Ballot Measure 4: Alaskan Voters Churned Up Over Bristol Bay

Ballot Measure 4 touches on a familiar topic to many Alaskans – the Bristol Bay.  The bay is a 36,000 square mile fisheries reserve established by the Alaska state legislature in 1972.  As part of the legislation it required that a surface entry permit for oil and gas on state owned or controlled lands be subject to approval of the legislature to protect the fishery.  Proposed Ballot Measure 4 would establish a new law requiring the Alaska legislature to approve future large-scale metallic sulfide mines within the watershed of the Bristol Bay Fisheries Reserve. 

Under the ballot measure language large-scale metallic sulfide mines are defined as mines that would, “extract metals, including gold and copper, from sulfide-bearing rock and that would directly disturb 640 or more acres of land.”  Additionally, under the Measure the entire Bristol Bay watershed is to be considered. 

The Bristol Bay is known for its interconnected lakes, rivers, and streams supplying roughly half of the world’s supply of sockeye salmon.  The annual impact of the fisheries is estimated between $318 and $578 million annually and the industry supports 10,000 jobs according to economic study done by the Institute of Social and Economic Research at the University of Alaska Anchorage.   Annual harvest averages 24.6 million sockeye salmon contributing 31% to Alaska’s salmon harvest. 

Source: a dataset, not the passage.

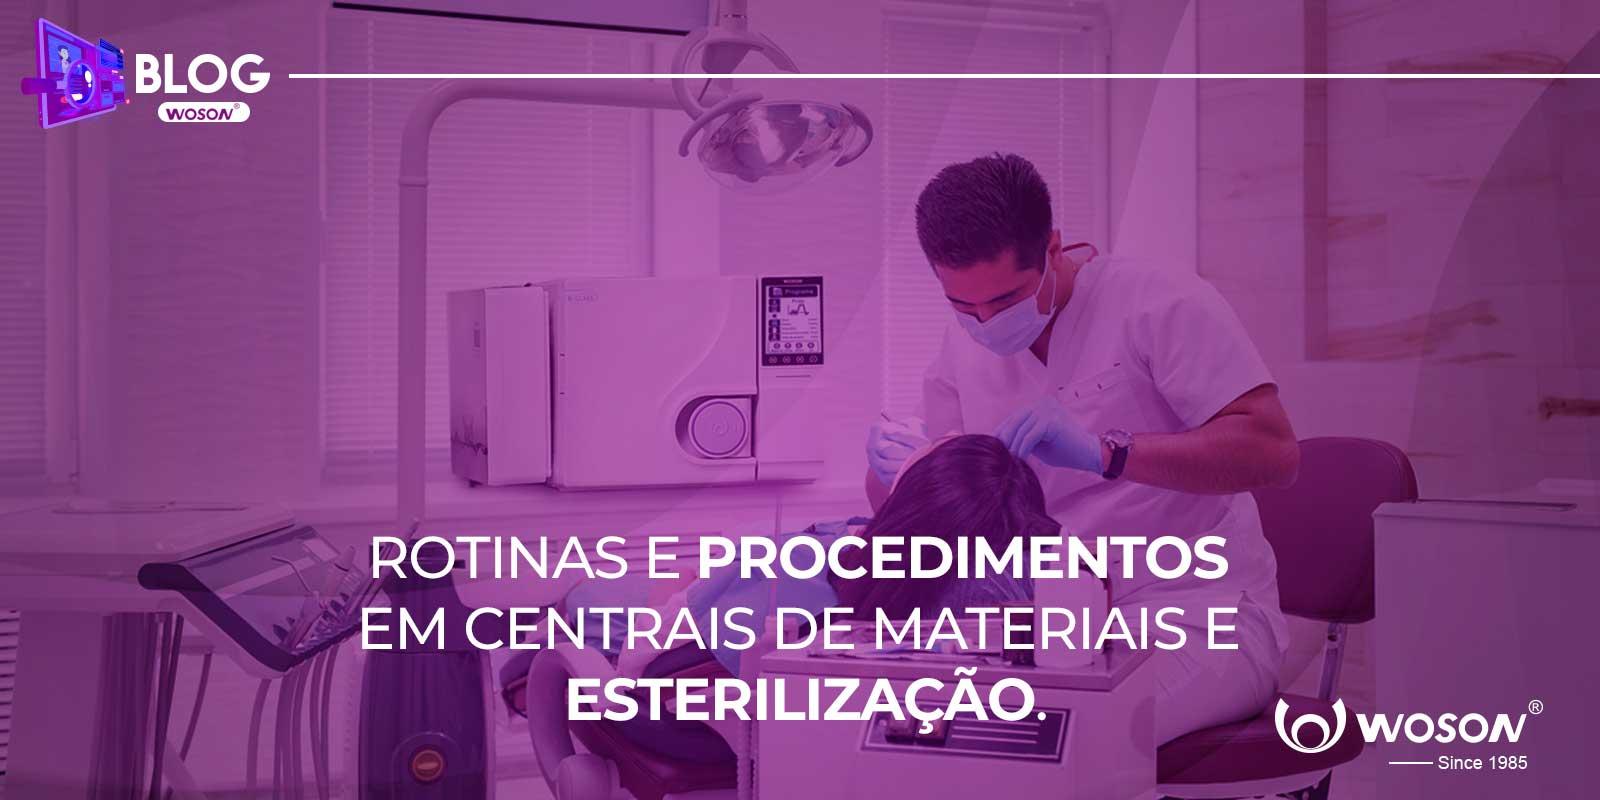 ROTINAS E PROCEDIMENTOS EM CENTRAIS DE MATERIAIS E ESTERILIZAÇÃO (CME).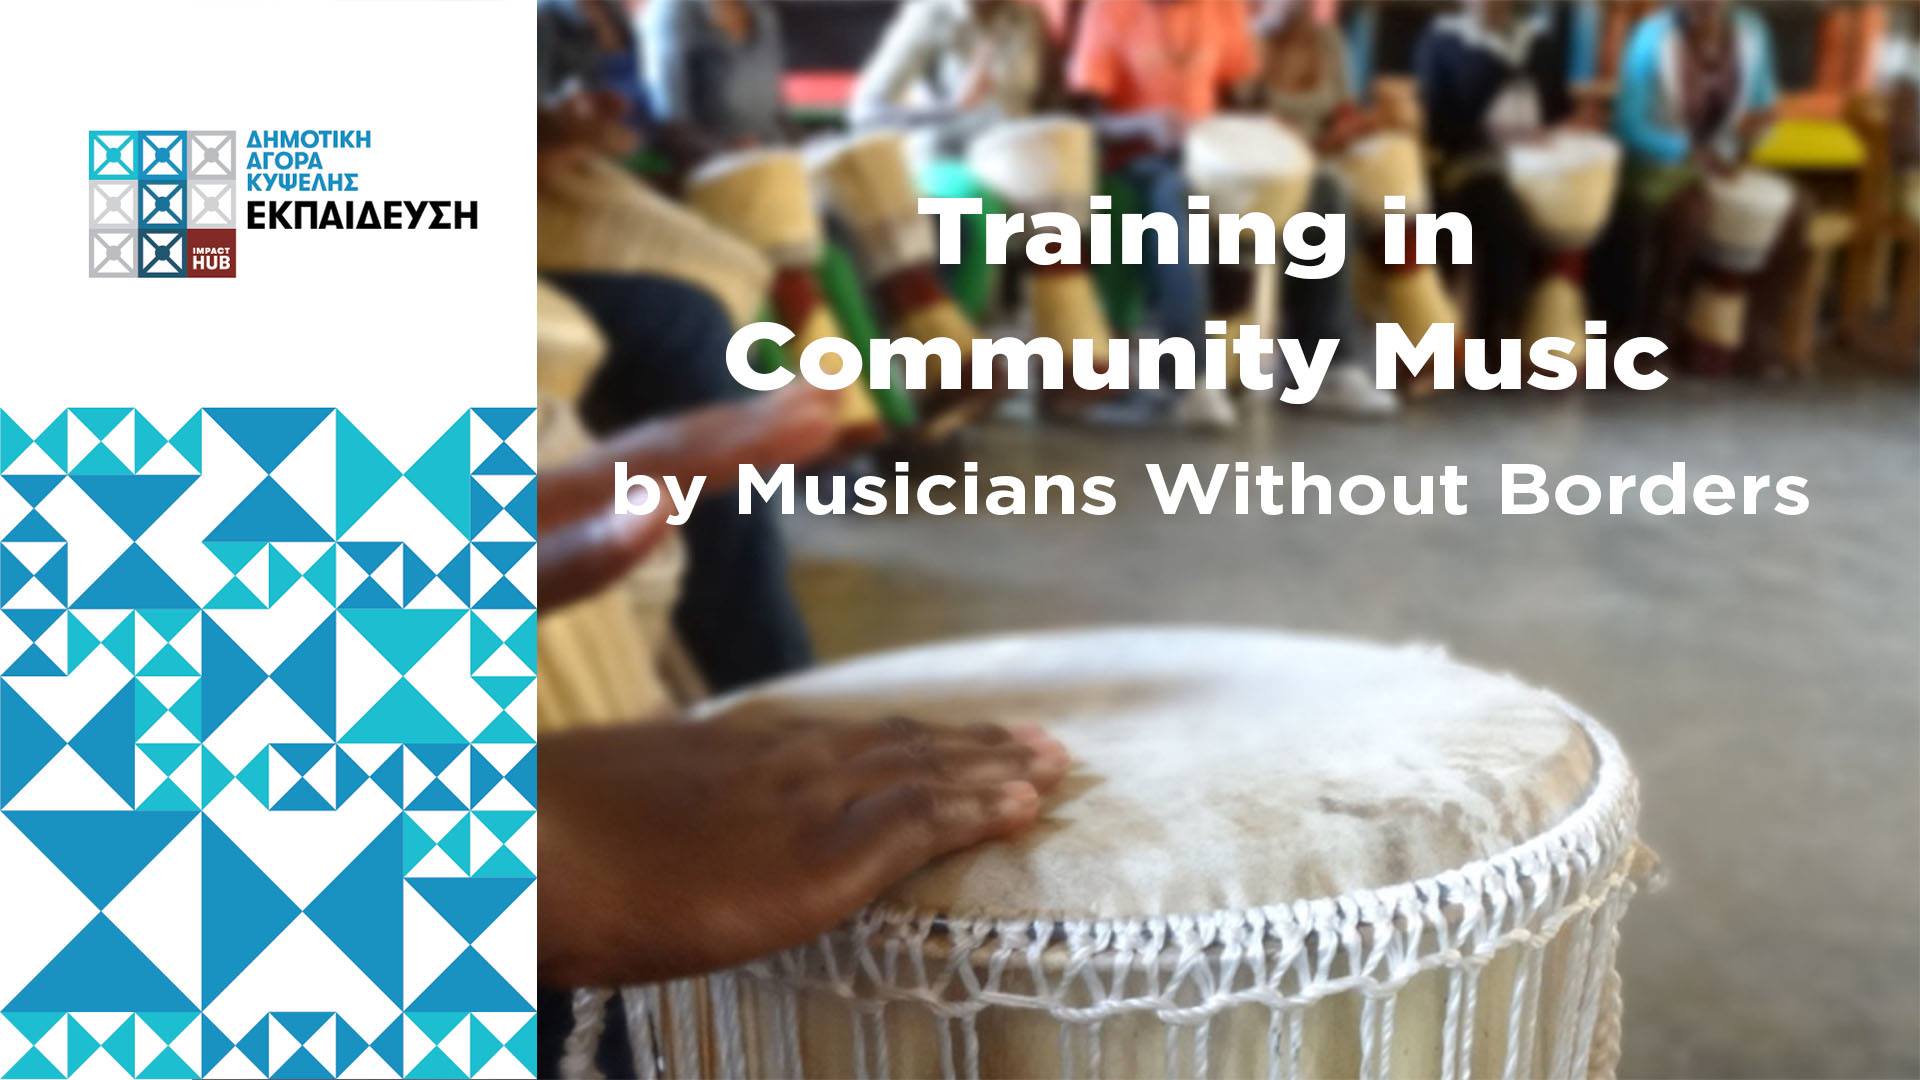 Πρόσκληση συμμετοχής στο εκπαιδευτικό εργαστήριο των Musicians Without Borders.

The Measure 4 campaign is Alaska’s most expensive of the ballot measure campaigns with organized supporters of the measure, the Bristol Bay Forever group, spending just over $1.2 million according to the latest campaign disclosure report.  No formal group has filed opposing the measure; however there is opposition. 

A 2010 state law requires each judicial district of the state be afforded two or more opportunities to learn about upcoming ballot measures 30 days before the election.  Each hearing must include one supporter and one opponent of the initiative.   

Supporters of Measure 4 cite the importance of the genetic diversity among the salmon populations, the importance to the overall resource, and the cultural and economic benefits of the fishery. The argument is metallic sulfide mining has the potential to adversely affect these salmon populations because the mining byproducts could alter the water chemistry or introduce pollution to the watershed.   Supporters believe passing the measure would add an extra level of necessary review.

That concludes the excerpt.